While serving as Executive Secretary to the BCPL, Nelson was ordered to never discuss climate change on state time by two of the three board members—the Attorney General and the State Treasurer. The Attorney General later changed his position on the "gag" order and went on to express strong support for Nelson's job performance in a letter released to the press. Nelson left her post at the state agency in 2015 and is currently the managing director of the Climate program at the Outrider Foundation, a Madison, Wisconsin group which works to end the threat of a nuclear war and reverse global climate change. Nelson introduced U.S. Senator Bernie Sanders at an October 2016 Madison rally for Democratic presidential candidate Hillary Clinton. Nelson voiced her support for Clinton and U.S. Senate Candidate Russ Feingold based on their advocacy for clean energy policies.
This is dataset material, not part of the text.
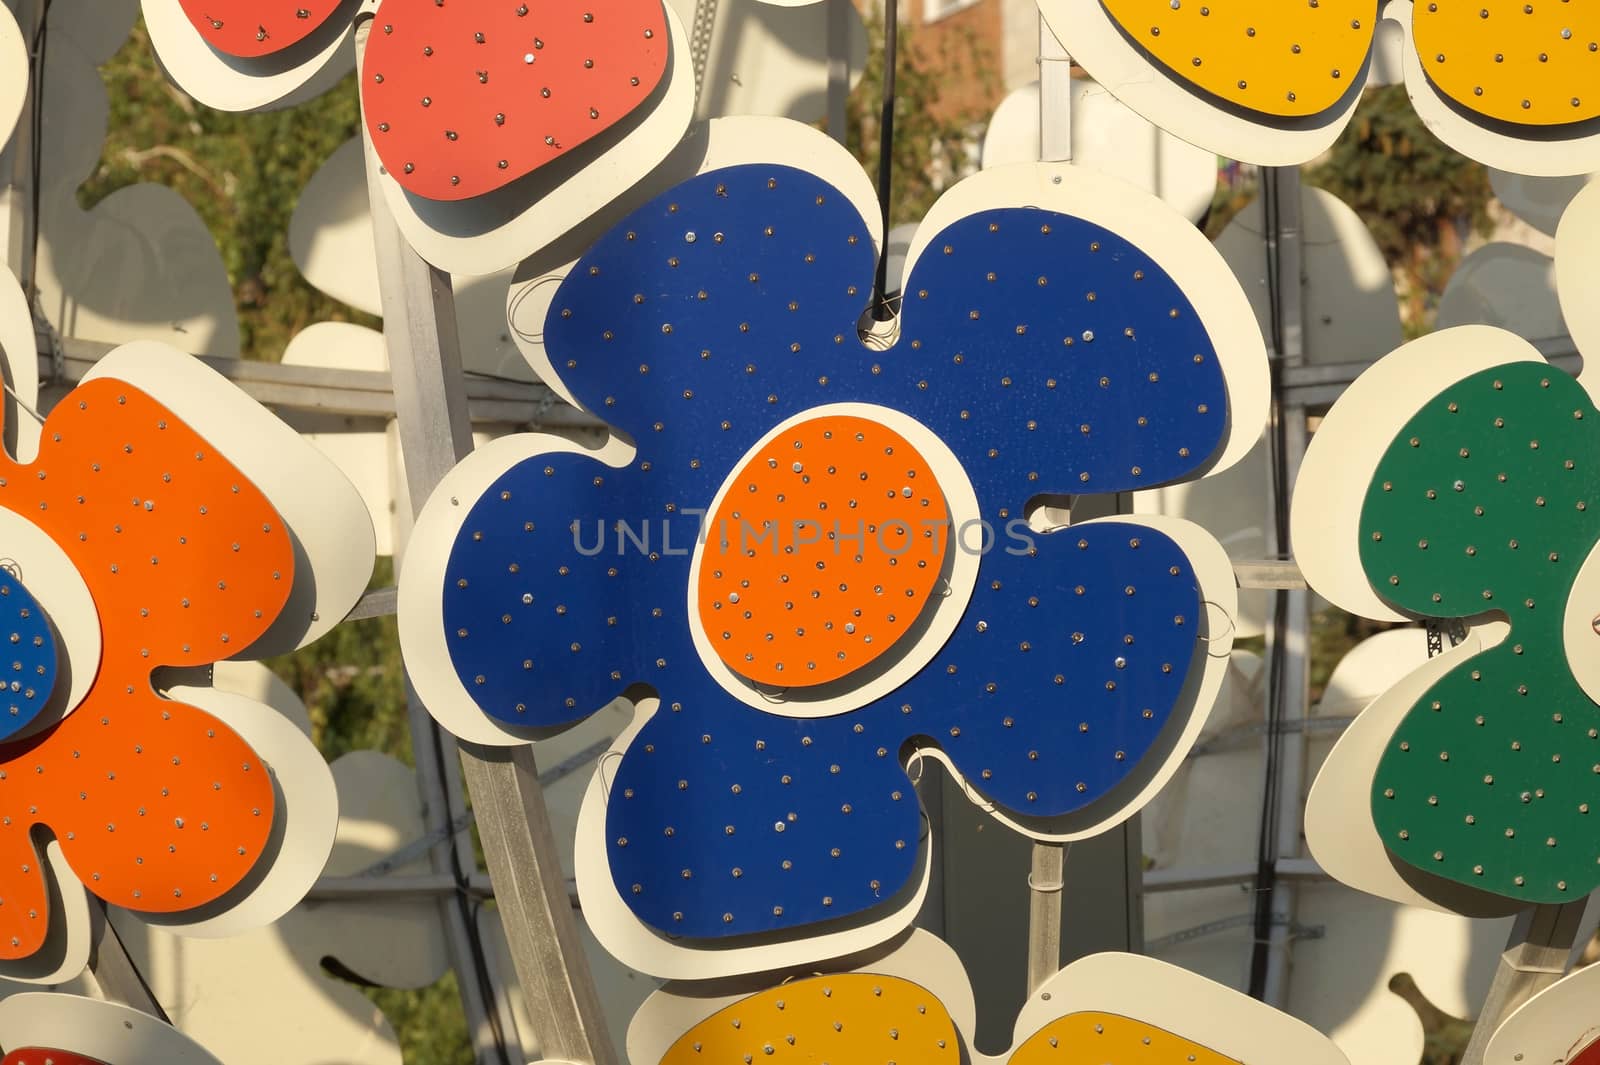 Design "Flowers" on the street in the city of Volgograd
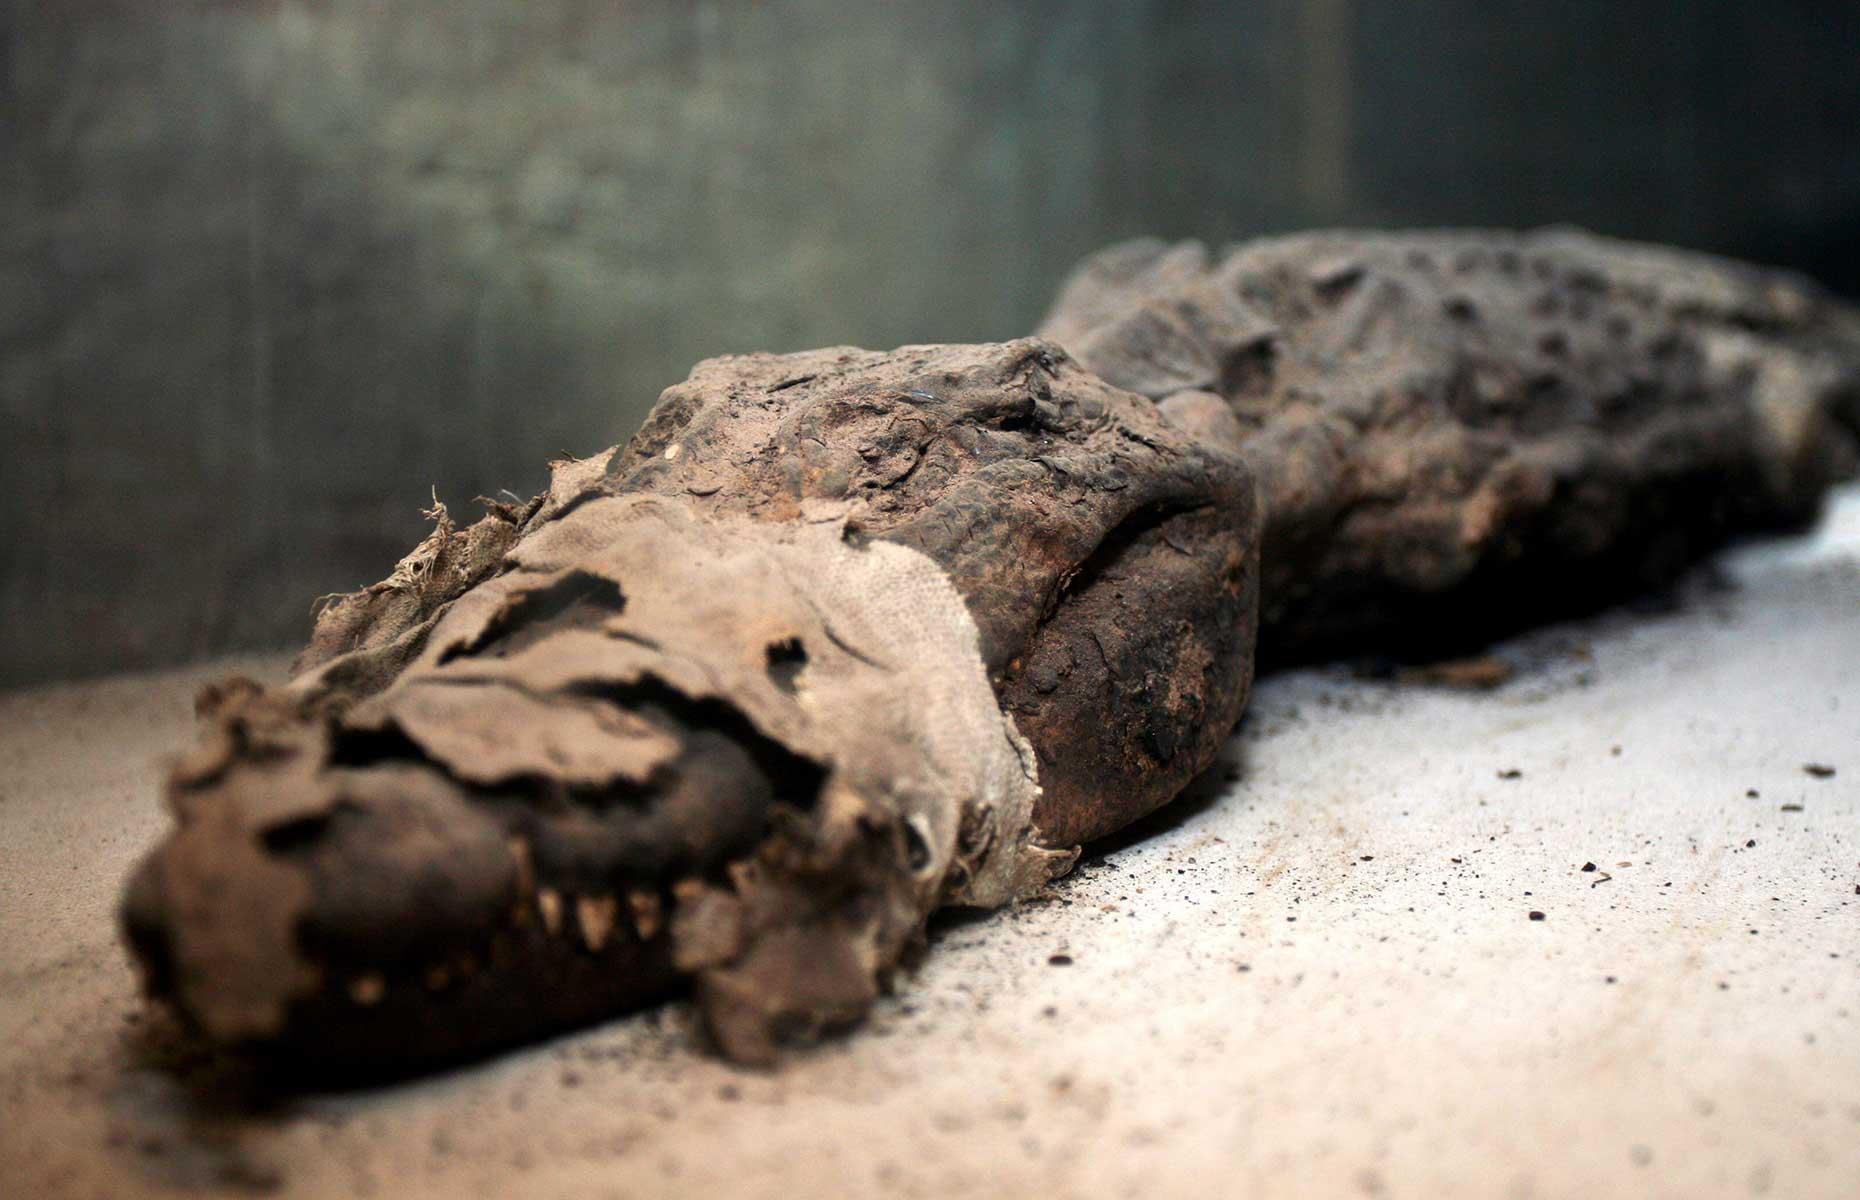 <p>In 2019, archaeologists digging at the Qubbat al-Hawā burial site in southern Egypt unearthed 10 mummified crocodiles. A recent 2023 study has finally confirmed these ancient reptiles date back <a href="https://edition.cnn.com/videos/travel/2023/01/19/mummified-crocodiles-egyptian-tomb-bb-lon-orig-cprog.cnn">over 2,300 years</a> to the pre-Ptolemaic era (i.e. before 304 BC). Rather uniquely, they were found in a well-preserved condition, with their sizes ranging from six to 11 feet (1.8-3.5m) long. It's believed these crusty crocs were mummified as an offering to the crocodile-headed Egyptian god, Sobek. Pictured here is another mummified crocodile found in Egypt, held in the Crocodile Museum of Kom Ombo. </p>

In 2026, Nelson returned to her prior position of Executive Secretary of the Wisconsin Board of Commissioners of Public Lands.

==Other roles==
- Through the UW-Madison Nelson Institute and Wisconsin Historical Society, Nelson helped launch www.nelsonearthday.net, a site which houses the Gaylord Nelson Collection.
- Nelson is a trustee emeritus at the Northland College Board and has served on the boards of the Earth Day Network, Gathering Waters Conservancy, Cool Choices, and the Friends of the Apostle Islands.
- She is also an emeritus board member of the UW-Madison Nelson Institute of Environmental Studies Board of Visitors.
- Nelson is a member of the ecoAmerica Board of Directors.
- Nelson has served as an advisor to several councils including the World Bank's Bio Carbon Fund, the Chicago Climate Exchange, and the Climate Neutral Network.

== Awards ==

- 2000: Climate Protection Award by the United States Environmental Protection Agency.
- 2006: The Environmental Lifetime Achievement Award by Keep Greater Milwaukee Beautiful.
- 2012: David Engleson Award by Wisconsin Association for Environmental Education.
- 2015: Environmental Leader Award by the University of Wisconsin-Stevens Point.